Bart: One of the stills b... [Homer puts his hand over Bart's mouth]
Homer: Nothing, Marge. I think it must have been that bean I had for dinner.
Homer: Hey Banner, how's it hanging?
Rex Banner: None of your business.
Homer: Alcohol is a way of life! My way of life, and I aim to keep it!
Chief Wiggum: Sounds like you have a plan.
Homer: Maybe I do, Chief. Maybe I do.
(Bart is standing on his head and watching TV)
Homer: Come on, boy! Think of a plan.
Bart: I'm trying, Dad!
(As Marge waits in her bedroom, there is a loud explosion from one of Homer's moonshine stills, and Marge sees Homer running out to the front lawn on fire, screaming as he rolls on the grass to put out the flames)
Homer: (to Marge after collecting himself) I've thought about what you said, honey, and I've decided to quit.
Reporter: [to Rex Banner] What about the beer baron?

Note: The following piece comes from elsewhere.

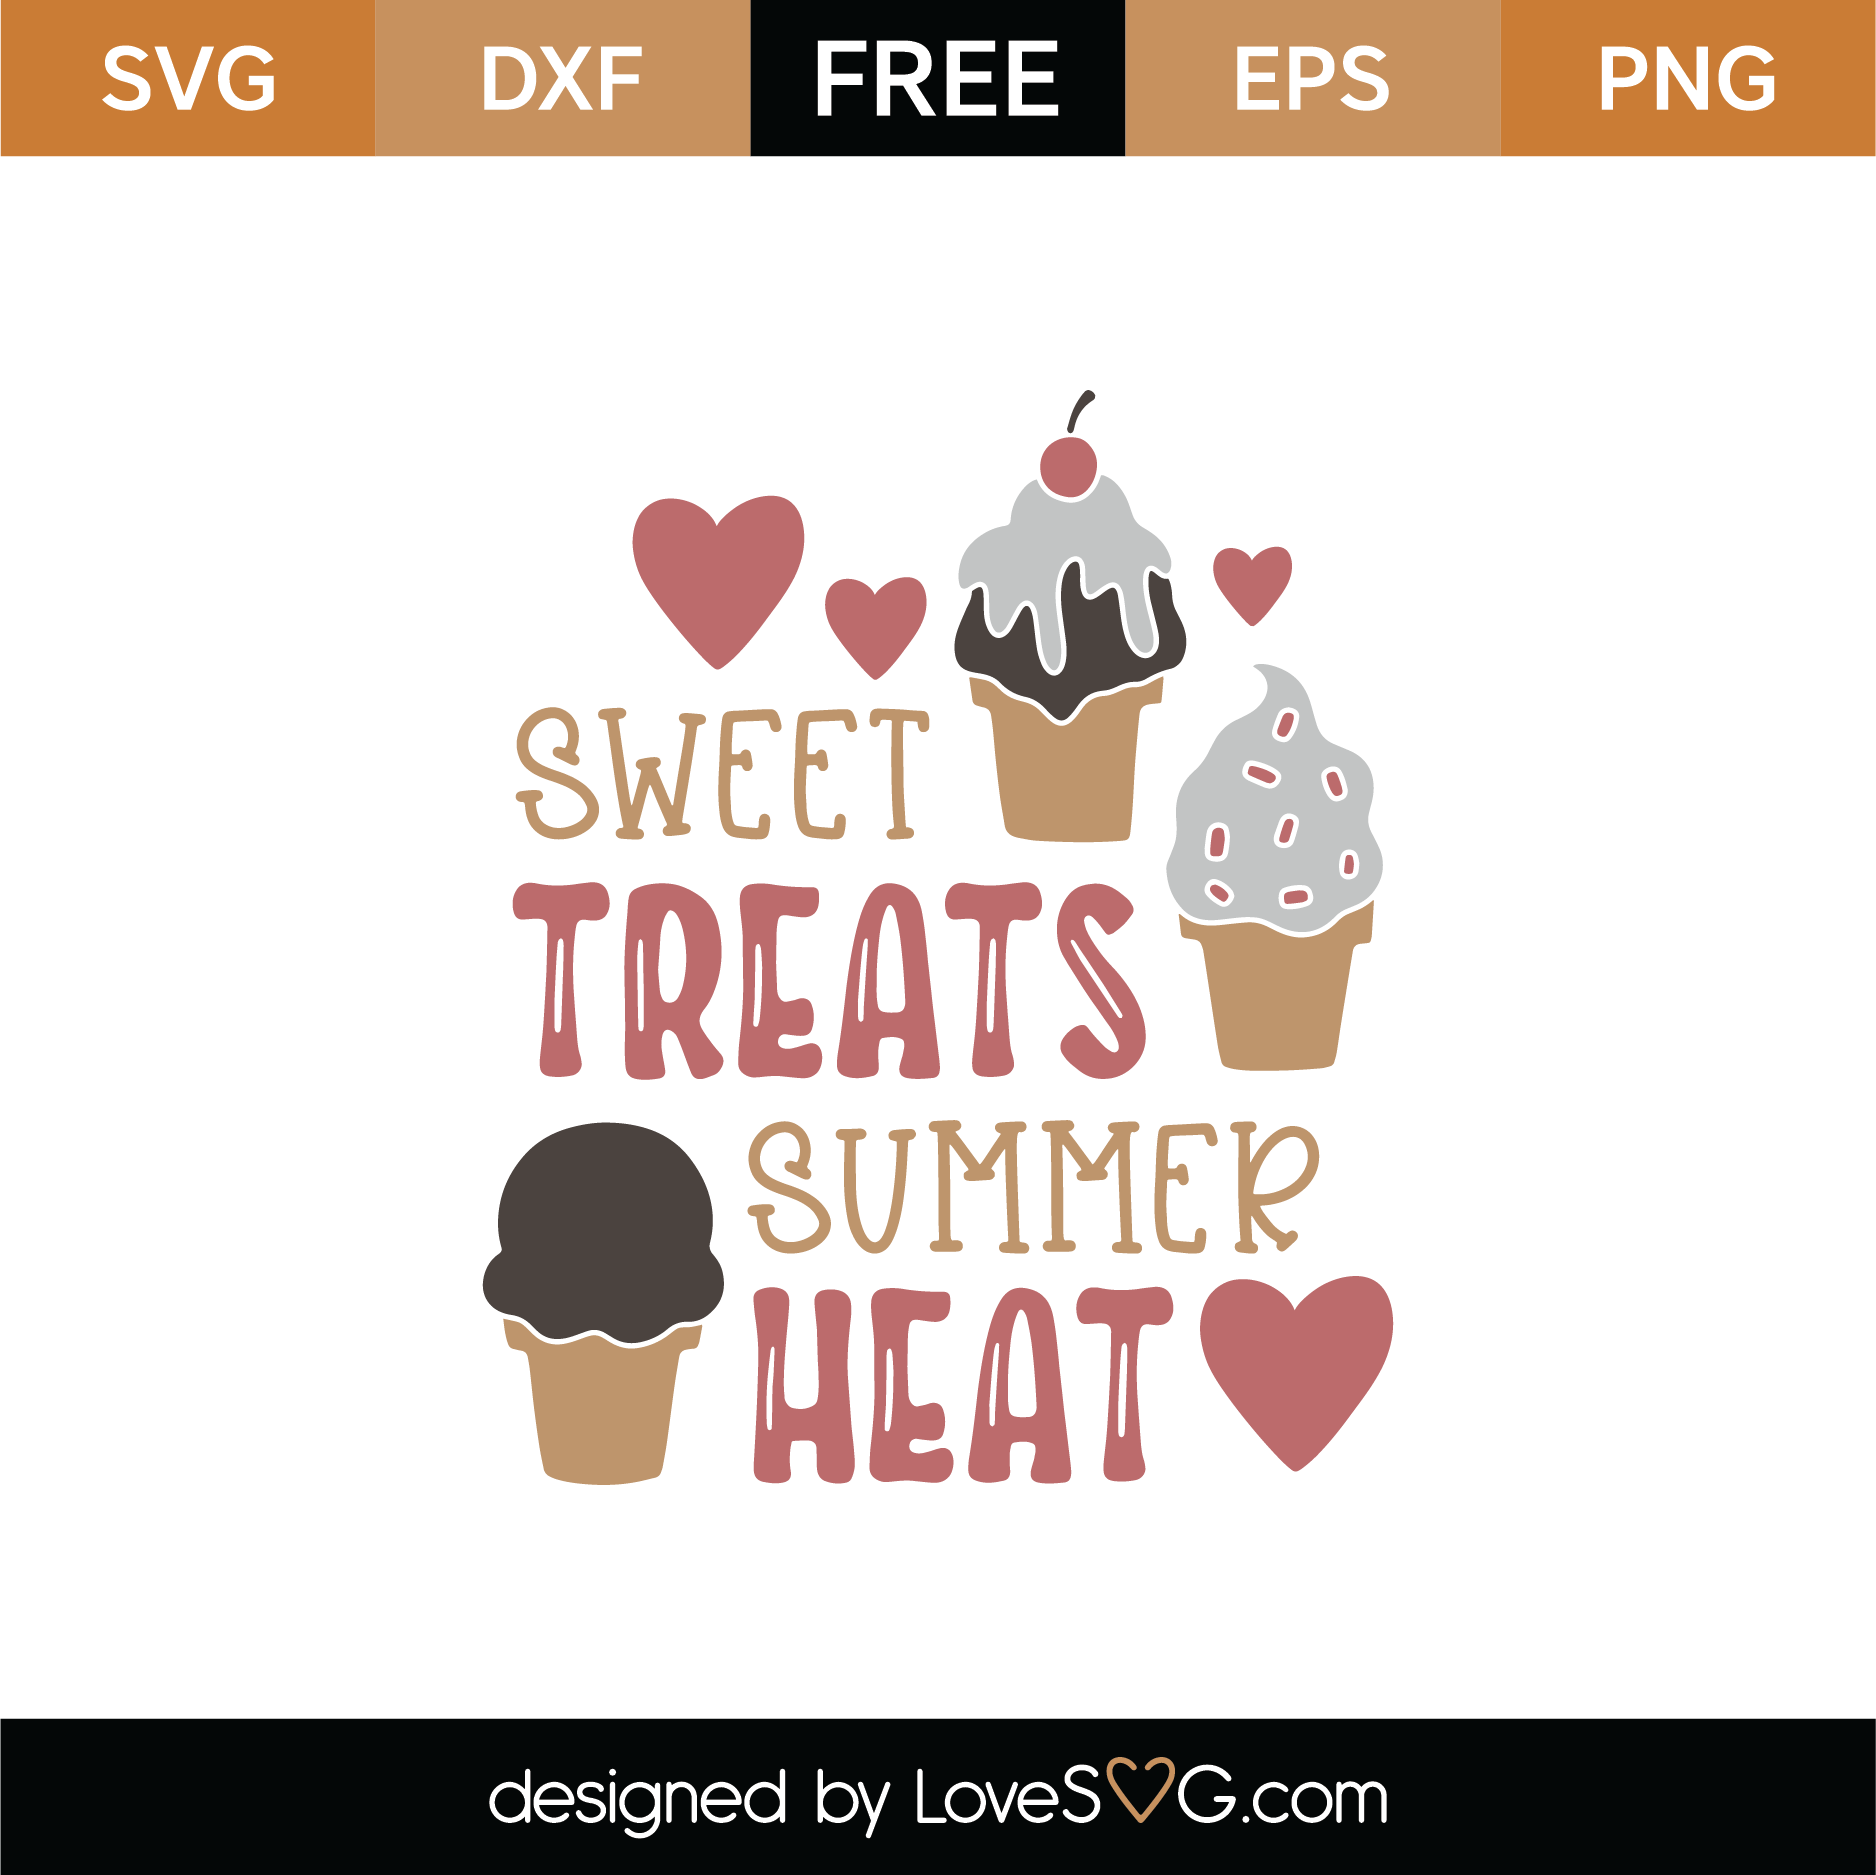 Download Free Sweet Treats Summer Heat SVG Cut File | Lovesvg.com

Rex Banner: I suspect he was just a figment of the media. The idea that someone like that could operate under my very nose is laughable. (tries to laugh, chokes and coughs instead) Well, you all know what laughter sounds like.
Mayor Quimby: How long will it take you to flood this town with alcohol again?
Fat Tony: Four minutes.
Narrator: And so, one town's brief flirtation with prohibition ended in a joyous remarriage to Lady Liquor. Congratulations, Springfield! We wish you the very best!
Homer: To alcohol! The cause of, and solution to, all of life's problems.
(Rex Banner burst the door open, Wiggum, Eddie, Lou and unidentified officer stare at him. Rex Banner then throws the TV out of the desk and kicks Wiggum out of his chair)
Chief Wiggum: Hey, I was watching that! I was sitting there!
Rex Banner: Rex Banner. I'm running this department now. Wiggum you're out. Suspended indefinitely.
Chief Wiggum: (confused) Huh?
Rex Banner: (to Eddie) Tuck in that shirt! (to Lou) Get those shoes shining! (to unidentified officer) Take that badge out of your mouth! You're police officers!